The City of Troy, New York, "Where Henry Hudson Turned Around."

Monday, April 04, 2005


Is there something that Rensselaer County isn't telling its residents? Is there a major crime wave just around the bend? It looks that way.

So, what does the County want to do with Troy's waterfront. Currently, 275 inmates are housed in 243 cells at the Rensselaer County Jail. Our sources tell us that when the expansion is complete (it will be done in phases) in 2024, the jail will have room for 897 inmates.* Is there something County residents should know? Will Rensselaer County really need triple the jail space in nineteen years?

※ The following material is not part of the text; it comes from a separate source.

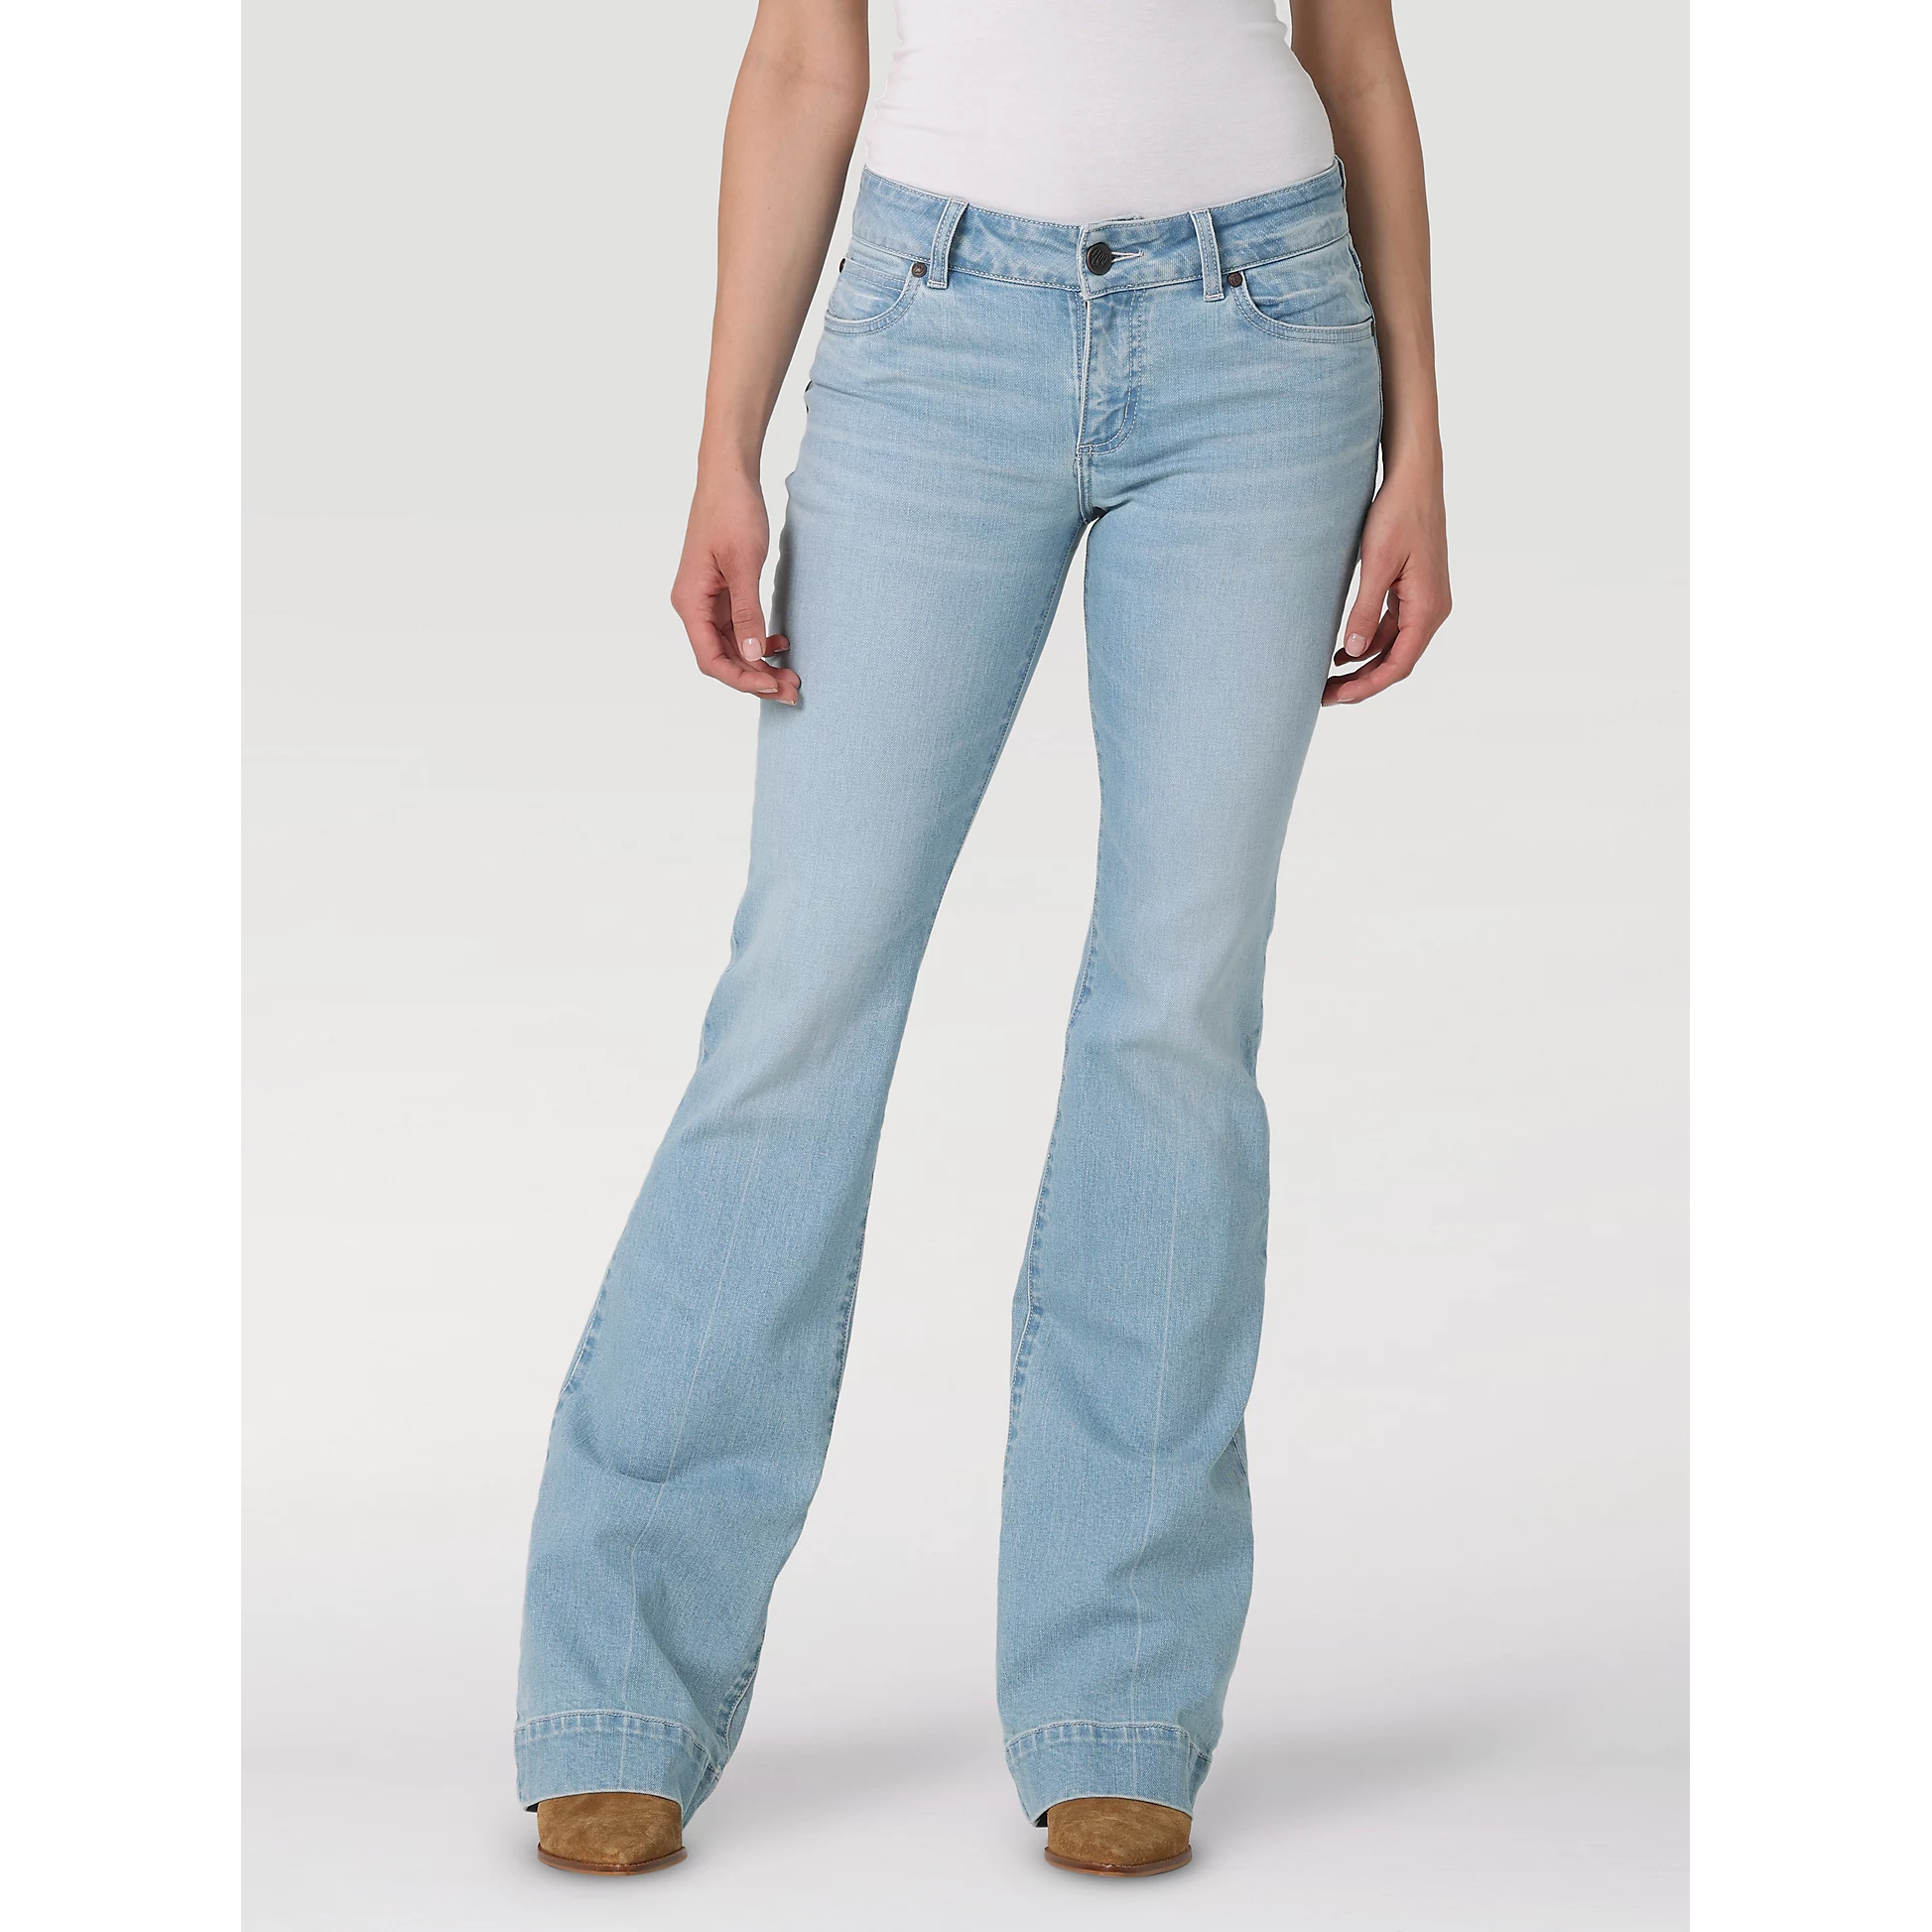 Wrangler Women's Retro Green Flare Leg Jeans 11MPFKP - Russell's Western  Wear, Inc.
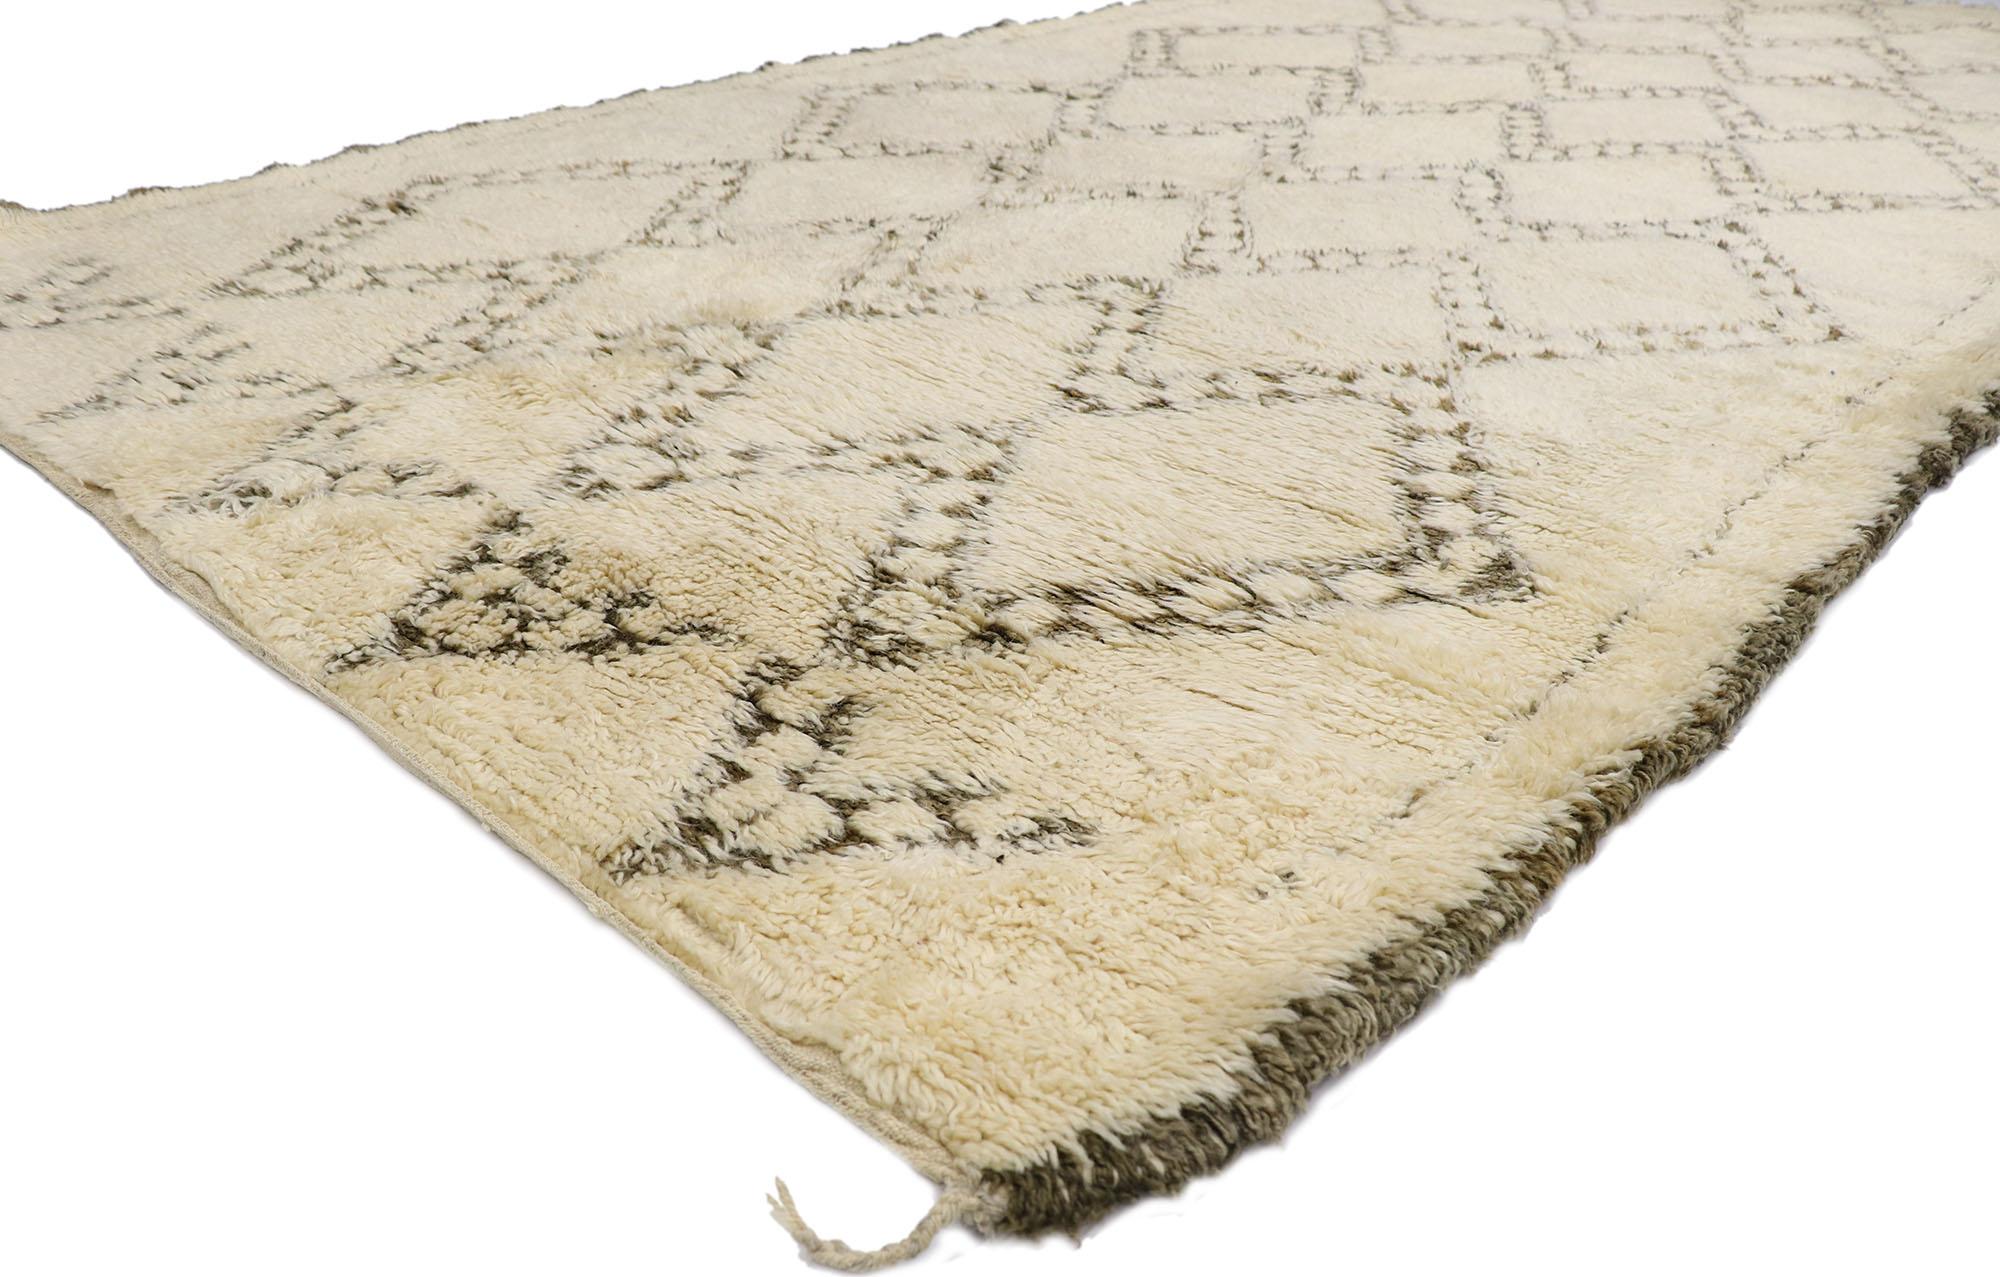 21372 Vintage Berber Beni Ourain Marokkanischer Teppich mit Mid-Century Modern Style 06'05 x 13'07. Mit seiner Schlichtheit, dem weichen Flor und dem modernen Stil der Jahrhundertmitte ist dieser handgeknüpfte marokkanische Berberteppich Beni Ourain

Well, lets figure this out:

For the sake of argument, lets say the inmate population doubles in the next 19 years. That's seems high, but lets go with it. If there's 275 inmates now, and we double that, that's 550 inmates. We still have 347 to account for. There may be eight Troy Policeman. Perhaps the Feds will room them in the County Jail. That brings us to 558 inmates. Perhaps someone will go to jail for the 'Weed & Seed' scandal. That's probably just a few people though. What is going to be done with that extra space?

Either the County wants to rent space on Troy's waterfront, or a major crime wave is in the works. Lets pray it's not a crime wave. I just bought a new car.

The size and location of the Rensselaer County Jail has been a topic of conversation these past few weeks. The County wants to expand the jail. Troy Councilman Bill "Quixote" Dunne wants the jail moved. The jail sits on what could be prime waterfront property.** Dunne, who will surely lose this battle, is correct. At least to a certain extent.

What happens if Troy actually has a revival? Note likely, but it could happen. That revival will occur on the waterfront. Trojans have to shake off their small-minded provincialism and think large and long-term. If the waterfront experiences a renaissance, do you really want a jail sitting there? That will look real nice. "Oh, the gallery? You can't miss it. It's right next to the jail."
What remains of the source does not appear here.